_Work instruction_
The reply must repeat the listing below exactly and carry none of its pictures.

_Data below_
○ ○ ○ ○ ○
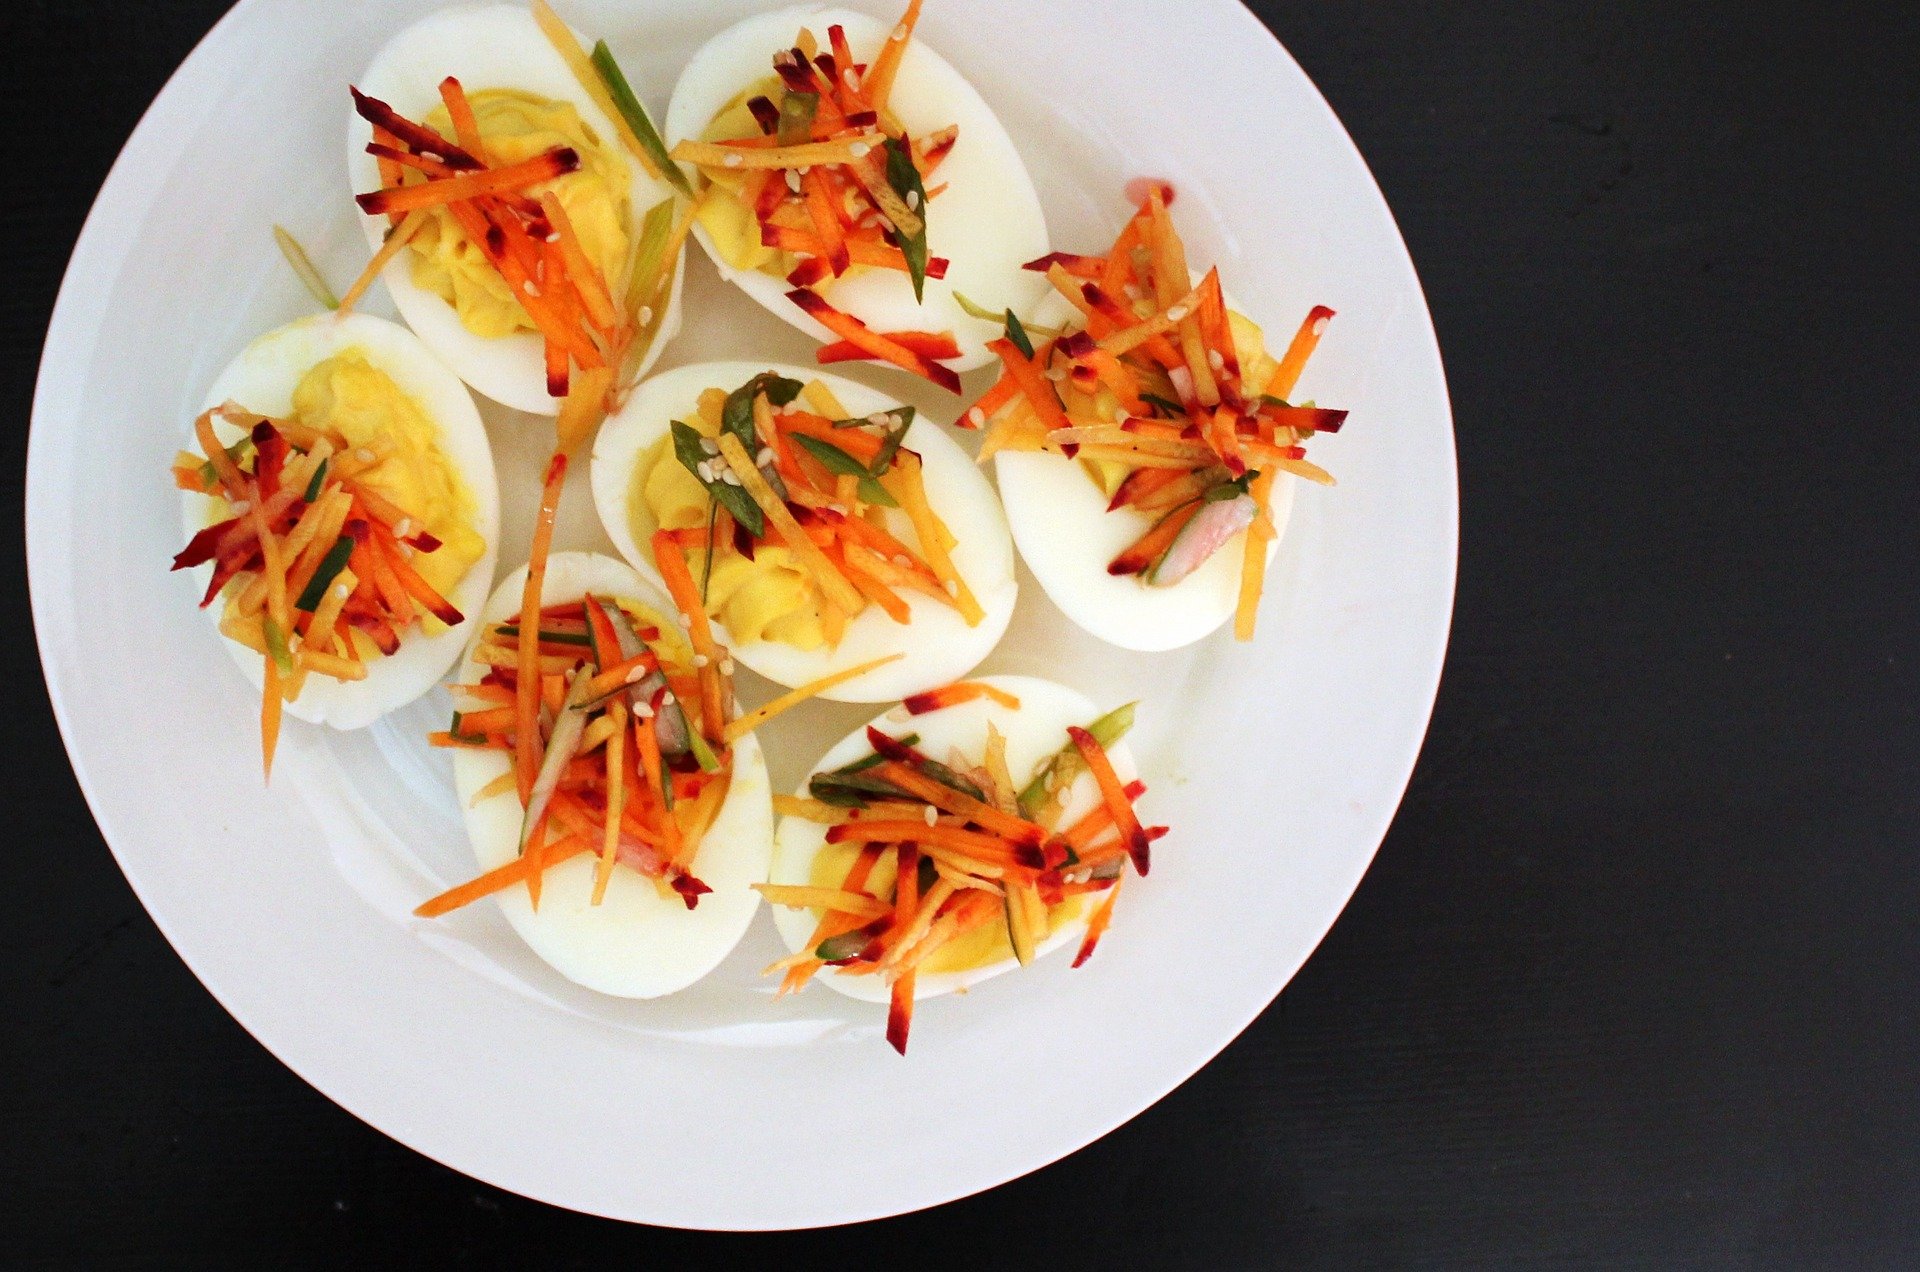 Eier gehören natürlich zum Osterbrunch dazu. Belegt mit feiner Rohkost und Sesam werden sie zum gesunden Snack.
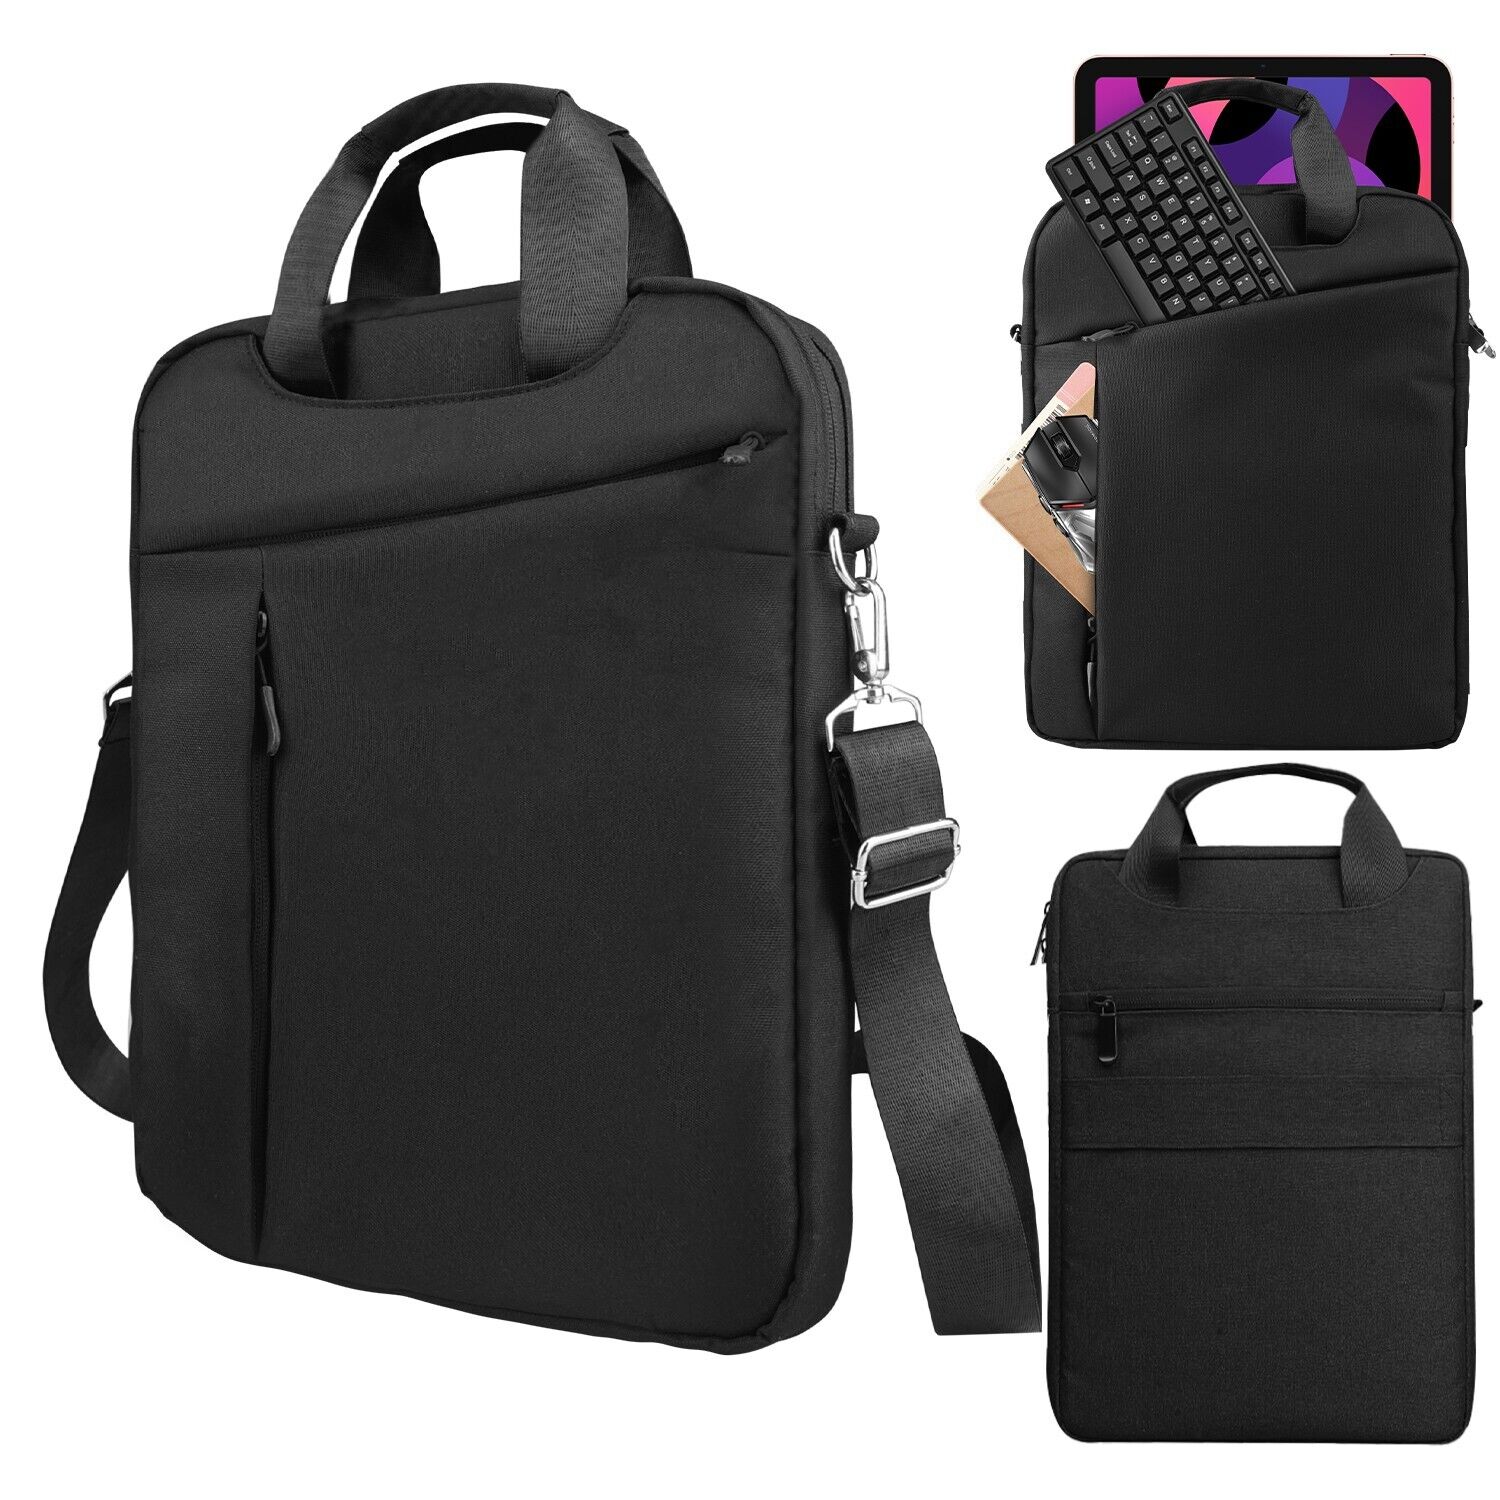 Crossbody Laptop Bag Vertical Simple Leisure Black Waterproof Portable Durable
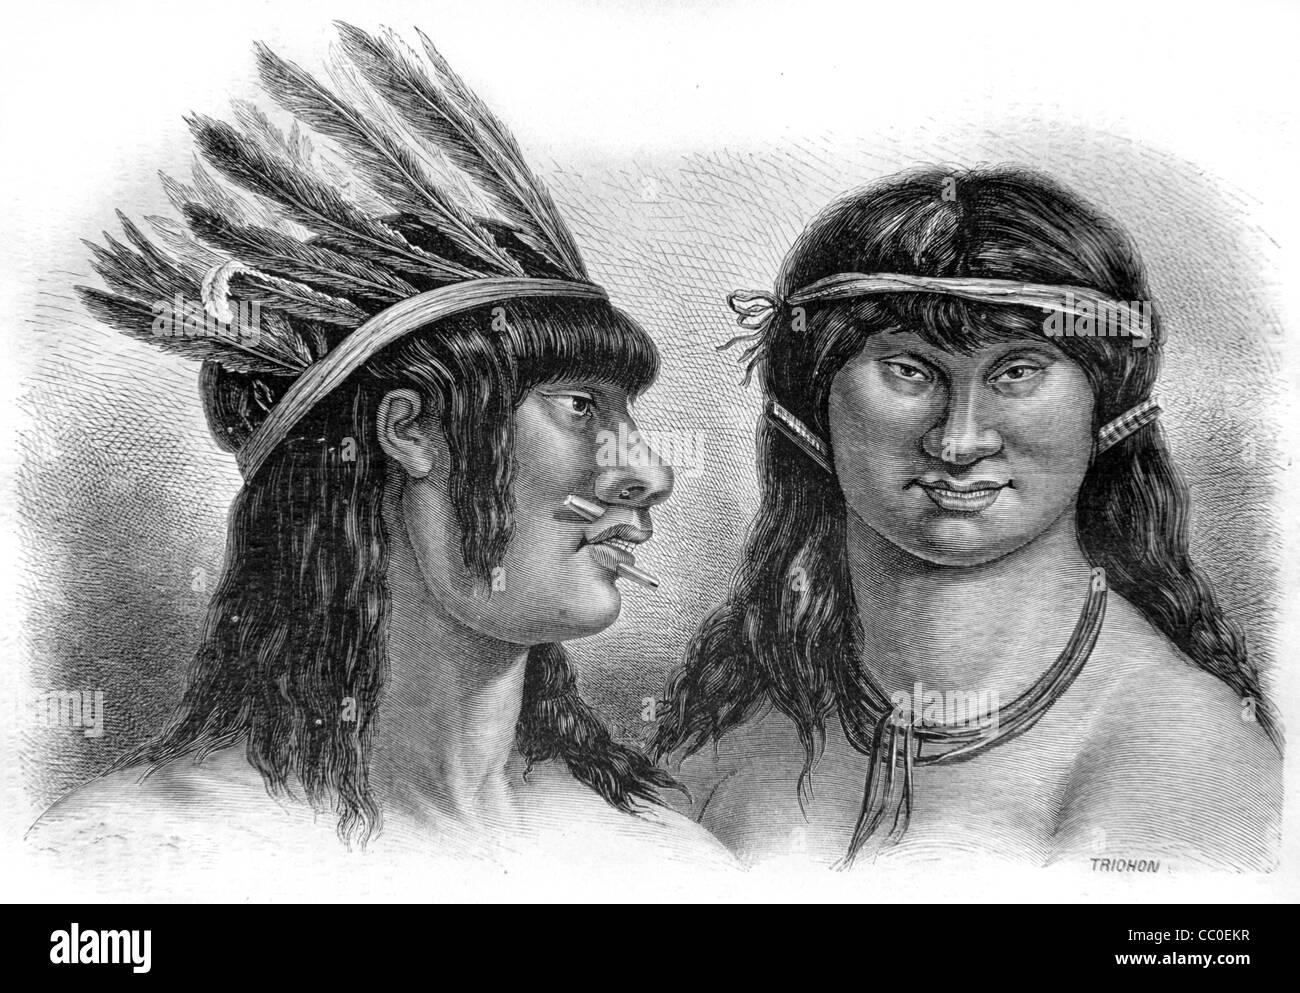 Porträts von ein paar Impetiniri Indianer oder indigene Indianer mit Kopfkleid & Piercings, Peru, Südamerika. 1864 Gravieren oder Illustration Stockfoto
○ ○ ○ ○ ○
_Answer for this exercise_
 Eier gehören natürlich zum Osterbrunch dazu. Belegt mit feiner Rohkost und Sesam werden sie zum gesunden Snack.
 Crossbody Laptop Bag Vertical Simple Leisure Black Waterproof Portable Durable
 Porträts von ein paar Impetiniri Indianer oder indigene Indianer mit Kopfkleid & Piercings, Peru, Südamerika. 1864 Gravieren oder Illustration Stockfoto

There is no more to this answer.